Today's puzzle is very similar to the problem John and Rikk has recently worked on. 

We need to build a timeline of states, where a Elf is either awake or asleep. 

In [None]:
import regex as re
import numpy as np
import pandas as pd

In [None]:
# Sample data as provided in question
data= """
[1518-11-01 00:00] Guard #10 begins shift
[1518-11-01 00:05] falls asleep
[1518-11-01 00:25] wakes up
[1518-11-01 00:30] falls asleep
[1518-11-01 00:55] wakes up
[1518-11-01 23:58] Guard #99 begins shift
[1518-11-02 00:40] falls asleep
[1518-11-02 00:50] wakes up
[1518-11-03 00:05] Guard #10 begins shift
[1518-11-03 00:24] falls asleep
[1518-11-03 00:29] wakes up
[1518-11-04 00:02] Guard #99 begins shift
[1518-11-04 00:36] falls asleep
[1518-11-04 00:46] wakes up
[1518-11-05 00:03] Guard #99 begins shift
[1518-11-05 00:45] falls asleep
[1518-11-05 00:55] wakes up
""".strip().splitlines()

In [None]:
# We're now going to start storing the data in a file to avoid having to paste into the main document
# Make sure you create a file with the name below and save the real problem output there. 
# If you want to run just the sample data, skip this block
with open("./04-kws.txt", "r") as FILE:
    data = FILE.read().strip().splitlines()

In [None]:
data[:5]

In the real data the 'events' are not sorted, so before we do anything else, we need to sort the list. The wonderful thing about ISO8601 order date format is that the dates sort alphanumerically. Keep that in mind whenever putting a date in filenames!

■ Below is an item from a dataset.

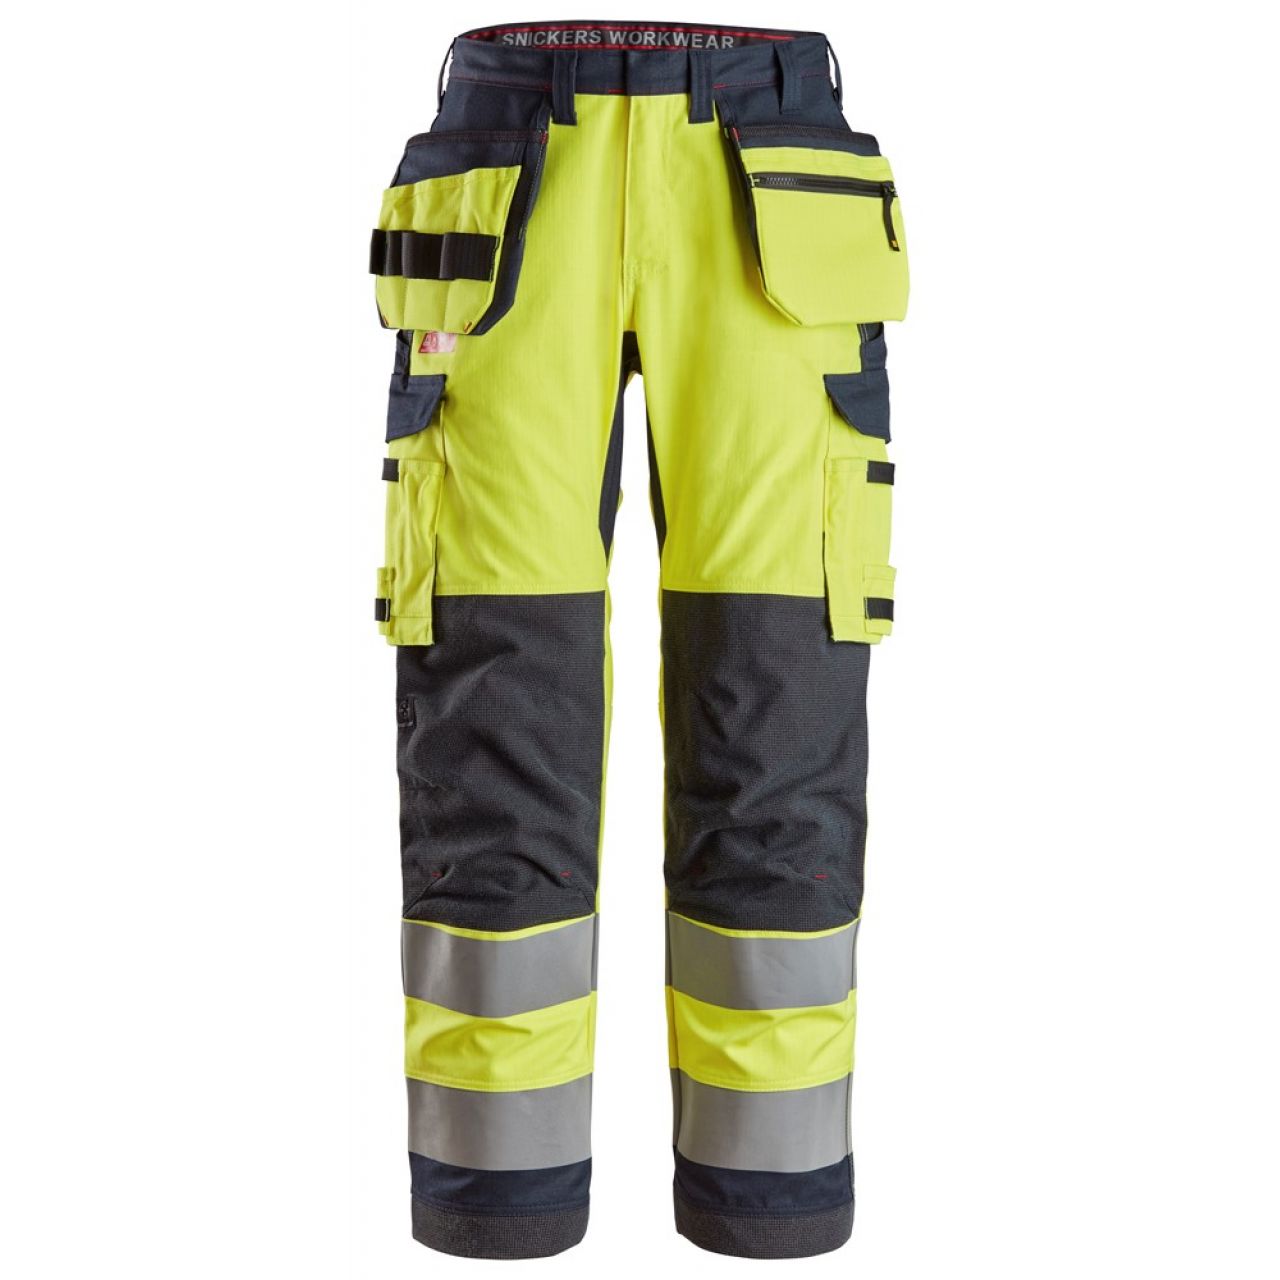 6261 Pantalones largos de trabajo de alta visibilidad clase 2 con bolsillos flotantes simétricos ProtecWork amarillo-azul marino talla 150

So to put this in chronological order, we simply need to sort the list.

In [None]:
data.sort()
data[:5]

In [None]:
guard_on_duty = None

sleep_times = dict()

pattern_guard_change = re.compile(".*Guard #(\d+) begins shift")
pattern_date = re.compile("\[(\d\d\d\d-\d\d-\d\d) (\d\d):(\d\d)\].*")
for line in data:
    # Check if the current line is a guard change
    match = pattern_guard_change.match(line)
    if match:
        guard_on_duty = match[1]
        continue
        
    # If not a guard change, then it has to be an awake or sleep line
    match = pattern_date.match(line)
    date = match[1]
    minutes = int(match[3])
    
    date_key = "{}|{}".format(date,guard_on_duty)
    sleep_array = sleep_times.get(date_key, np.zeros(60))
        
    # If instead it's a guard that falls asleep
    if "asleep" in line:
        sleep_array[minutes:] = 1
    elif "wakes up" in line:
        sleep_array[minutes:] = 0
        
    sleep_times[date_key] = sleep_array

df_sleep = pd.DataFrame.from_dict(sleep_times,orient="index")

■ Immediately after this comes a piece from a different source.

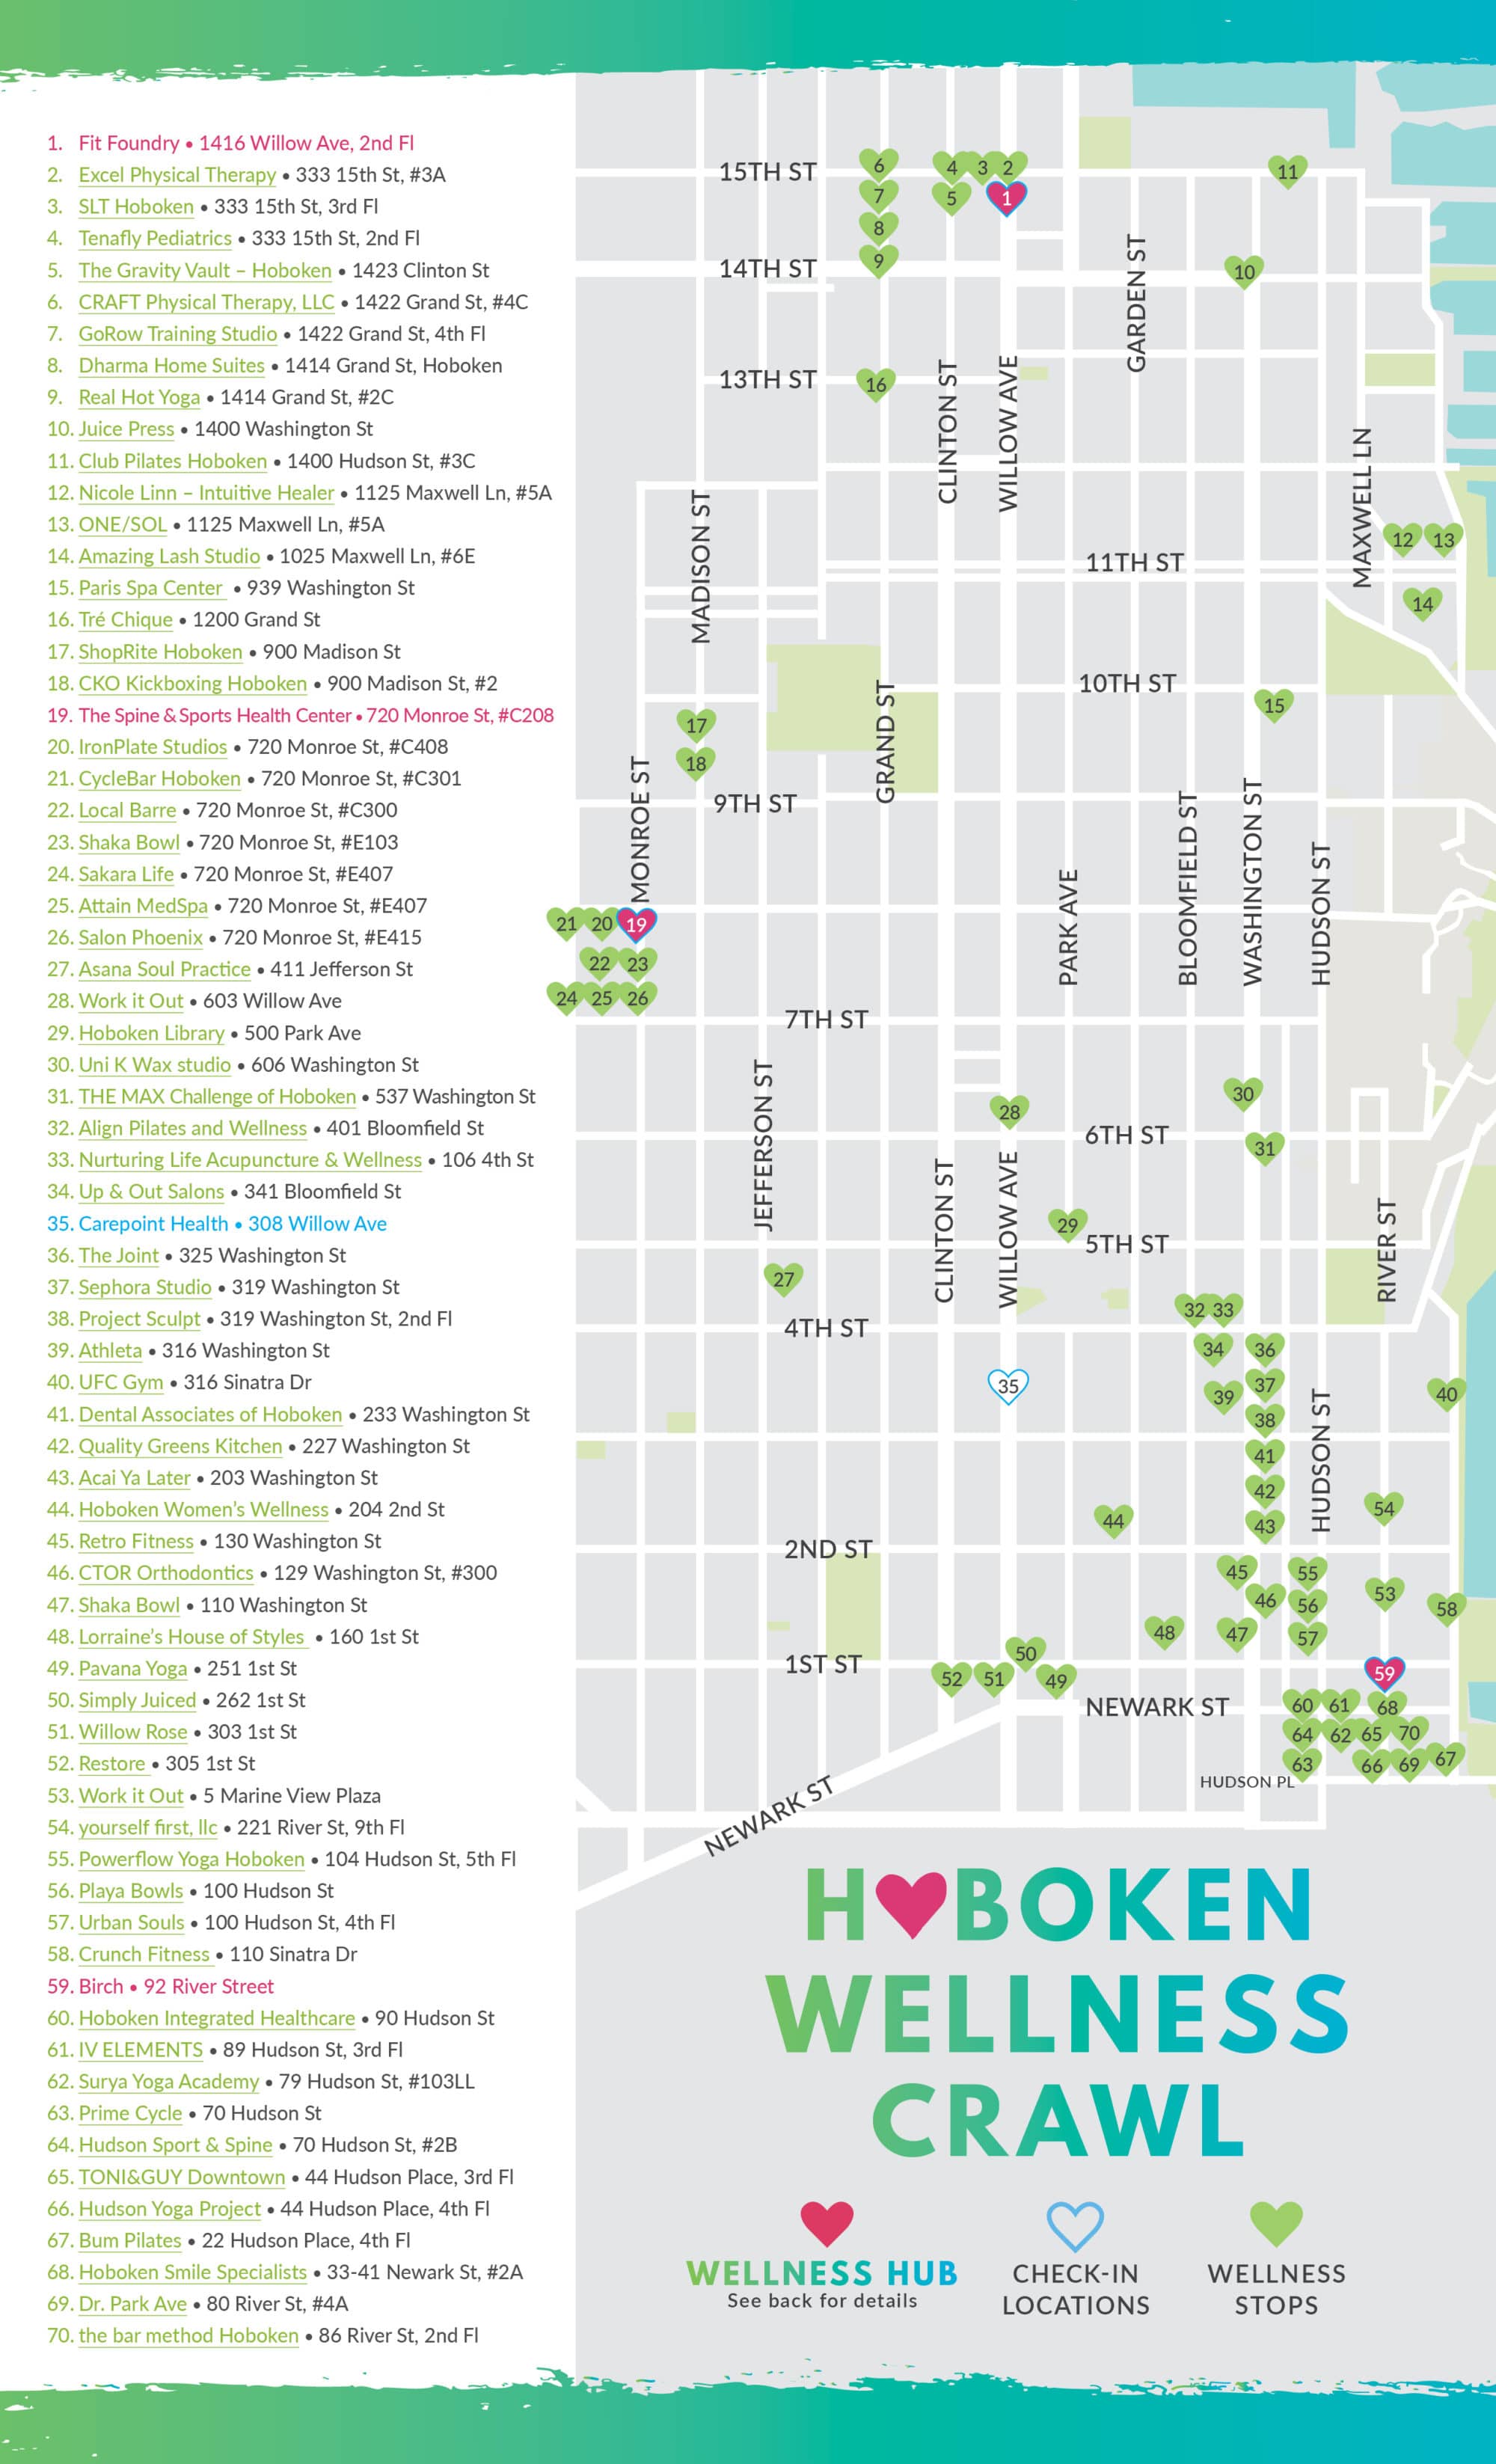 hoboken wellness crawl 2019 map

# Split date and elf into separate index columns
df_sleep["date"] = df_sleep.index.map(lambda x: x.split("|")[0])
df_sleep["elf"] = df_sleep.index.map(lambda x: x.split("|")[1])
df_sleep = df_sleep.set_index(["date","elf"])

df_sleep

First we want to find the elf that falls asleep the most

In [None]:
total_sleep = df_sleep.groupby('elf').sum().sum(axis=1).sort_values(ascending=False)
total_sleep

We can use the [idxmax()](https://pandas.pydata.org/pandas-docs/stable/generated/pandas.DataFrame.idxmax.html) function to find the ID of the row with the highest value

In [None]:
elf_with_max_sleep = total_sleep.idxmax()
elf_with_max_sleep

To how likely each elf is to be asleep in a particular minute, we sum up minute-by-minute for each elf by using
[groupby()](https://pandas.pydata.org/pandas-docs/stable/generated/pandas.DataFrame.groupby.html).

In [None]:
total_by_minute = df_sleep.groupby('elf').sum().reset_index()
total_by_minute

The question now is which minute is the elf with most sleep (as we found above) most likely to be awake. We can use the idxmax function again to create a column the minute each elf is most likely to be asleep, and the [max()](https://pandas.pydata.org/pandas-docs/stable/generated/pandas.DataFrame.max.html) function to find the corresponding value.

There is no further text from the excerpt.